Machine Learning is an implementation of Artificial Intelligence. It is a way for a computer to assimilate data or state and provide a learned solution or response. We often think of AI now as a broader term to reflect a "smart" system. A full game AI system, for instance, may incorporate ML tools combined with more classic AIs like Behavior Trees in order to simulate a richer, more unpredictable AI. We will use AI to describe a system and ML to describe the implementation.

Training models

Machine Learning is so aptly named because it uses various forms of training to analyze data or state and provide that trained response. These methods are worth mentioning and we will focus on one particular method of learning that is currently showing good success. Before we get to that though, for later chapters, let's breakdown the three types of training we frequently see in ML:

  • Unsupervised Training: This method of training examines a dataset on its own and performs a classification. The classification may be based on certain metrics and can be discovered by the training itself. Most people used to think that all AI or ML worked this way, but of course, it does not:
    • ESRI, which is a major mapping provider of GIS software and data provides a demographic dataset called Tapestry. This dataset is derived from a combination of US census data and other resources. It is processed through an ML algorithm that classifies the data into 68 consumer segments using Unsupervised Training. The Tapestry data is not free but can be invaluable for anyone building ML for a consumer or retail application.
  • Supervised Training: This is the typical training method most data science ML methods use to perform prediction or classification. It is a type of training that requires input and output data be labelled. As such, it requires a set of training data in order to build a model. Oftentimes, depending on the particular ML technique, it can require vast amounts of data:
    • Google Inception is an image classification ML model that is freely available. It has been trained by millions of images into various trained classifications. The Inception model is small enough to fit on a mobile device in order to provide real-time image classification.
  • Reinforcement Learning: This is based on control theory and provides a method of learning without any initial state or model of the environment. This is a powerful concept because it eliminates the need to model the environment or undertake the tedious data labeling often required by Supervised Training. Instead, agents are modeled in the environment and receive rewards based on their actions. Of course, that also means that this advanced method of training is not without its pitfalls and frustrations. We will start learning the details of RL in Chapter 2, The Bandit and Reinforcement Learning:
    • DeepMind built the bot that was able to play classic Atari 2600 games better than a human.
  • Imitation Learning: This is a technique where agents are trained by watching a demonstration of the desired actions and then imitating them. This is a powerful technique and has plenty of applications. We will explore this type of training inChapter 4, Going Deeper with Deep Learning.
  • Curriculum Learning: This is an advanced form of learning that works by breaking down a problem into levels of complexity, which allows the agent or ML to overcome each level of complexity before moving on to more advanced activities. For example, an agent waiter may first need to learn to balance a tray, then the tray with a plate of food, then walking with the tray and food, and finally delivering the food to a table. We will explore this form of training in Chapter 5, Playing the Game.
  • Deep Learning: This uses various forms of internal training mechanisms to train a multi-layer neural network. We will spend more time on neural networks and Deep Learning in Chapter 3, Deep Reinforcement Learning with Python.

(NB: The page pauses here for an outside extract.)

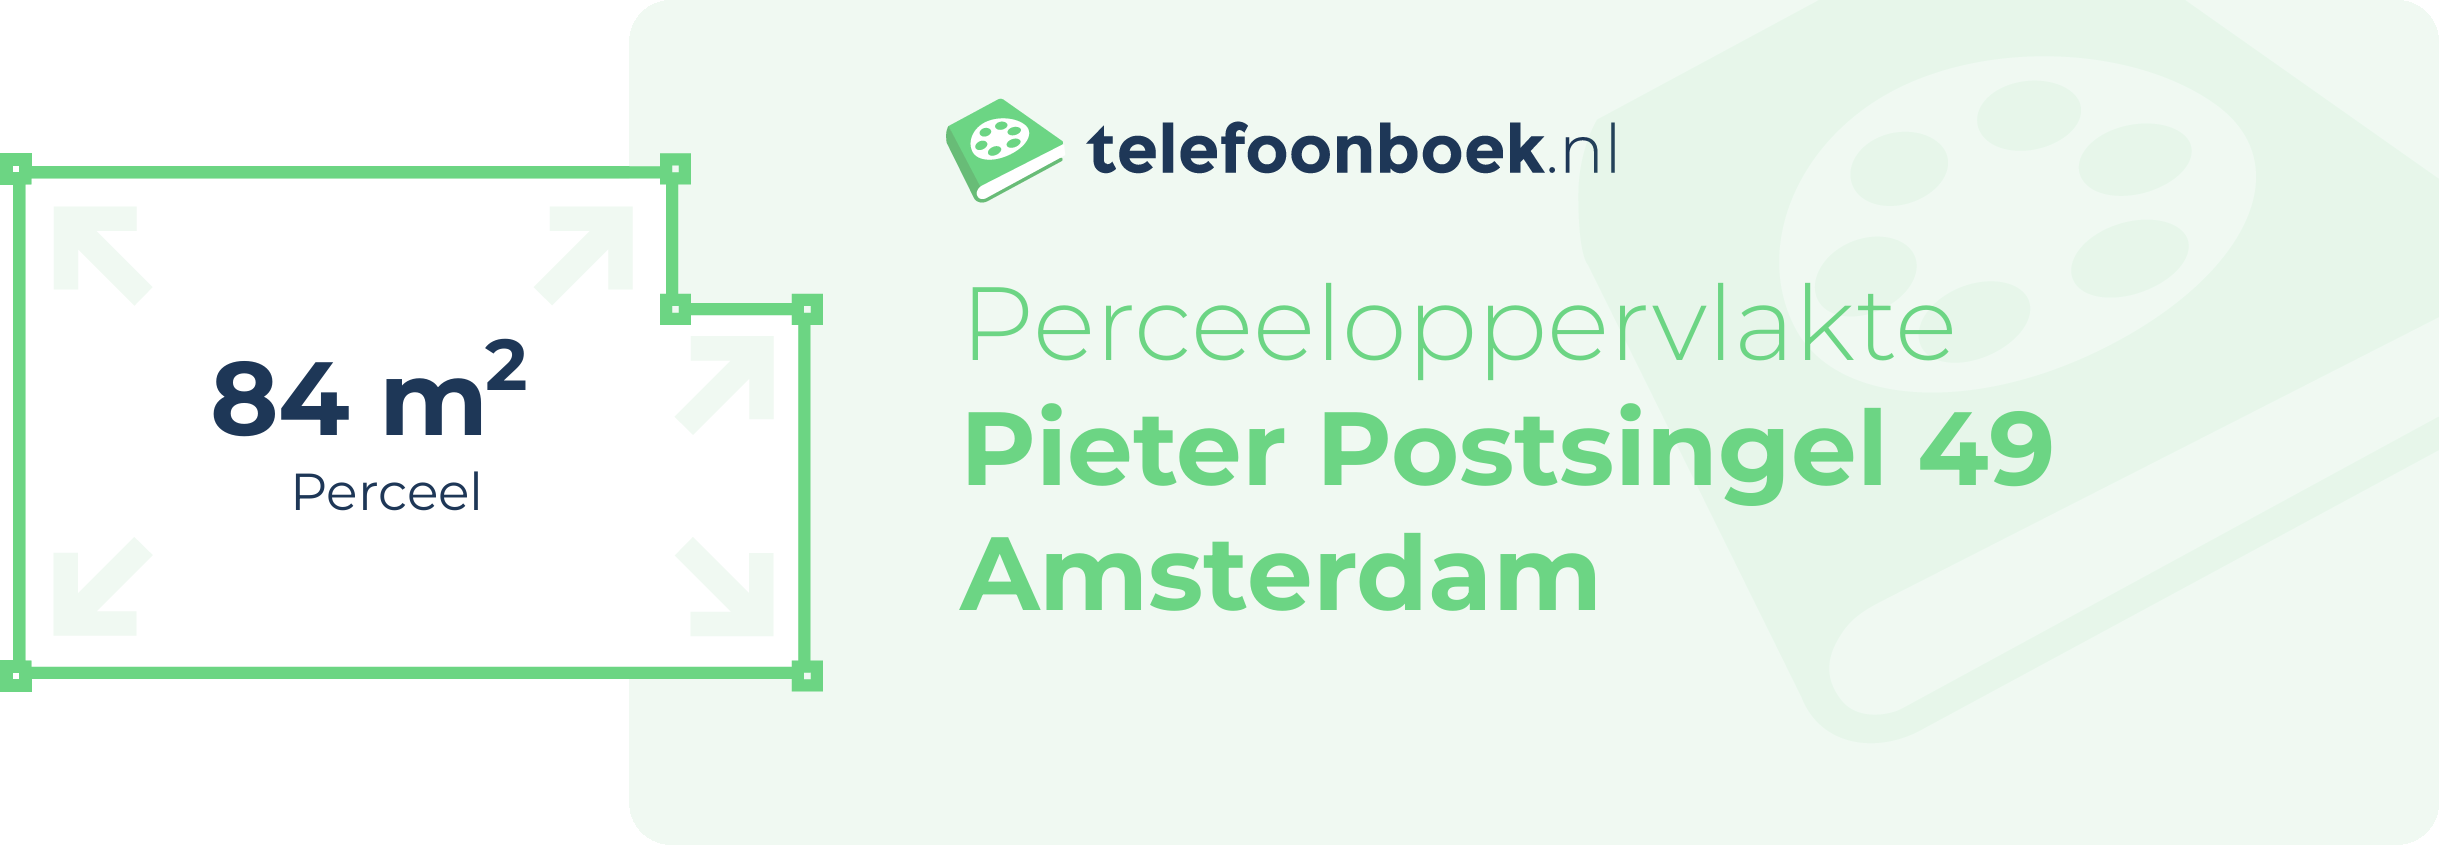 Perceeloppervlakte Pieter Postsingel 49 Amsterdam

You may have already noticed the interchange of terms ML and agent use to denote the thing that is learning. It is helpful to think of things in these terms for now. Later in this chapter, we will start to distinguish the differences between an agent and their brain or ML. For now, though, let's get back to some basics and explore a simple ML example in the next section.

A Machine Learning example

In order to demonstrate some of these concepts in a practical manner, let's look at an example scenario where we use ML to solve a game problem. In our game, we have a cannon that shoots a projectile at a specific velocity in a physics-based world. The object of the game is to choose the velocity to hit the target at a specific distance. We have already fired the cannon ten times and recorded the results in a table and chart, as shown in the following screenshot:

Record and chart of cannon shots

Since the data is labelled already, this problem is well-suited for Supervised Training. We will use a very simple method called linear regression in order to give us a model that can predict a velocity in order to hit a target at a certain distance. Microsoft Excel provides a quick way for us to model linear regression on the chart by adding a trendline, as follows:

Linear Regression applied with a trendline

By using this simple feature in Excel, you can quickly analyze your data and see an equation that best fits that data. Now, this is a rudimentary example of data science, but hopefully you can appreciate how this can easily be used to predict complex environments just based on the data. While the linear regression model can provide us with an answer, it obviously is not very good and the Rreflects that. The problem we have with our model is that we are using a linear model to try and solve a nonlinear problem. This is reflected with the arrows to the points, where the distance shows the amount of errors from the trendline. Our goal with any ML method will be to minimize the errors in order to find the solution of best fit. In most cases, that is all ML is, finding an equation that best predicts/classifies a value or action.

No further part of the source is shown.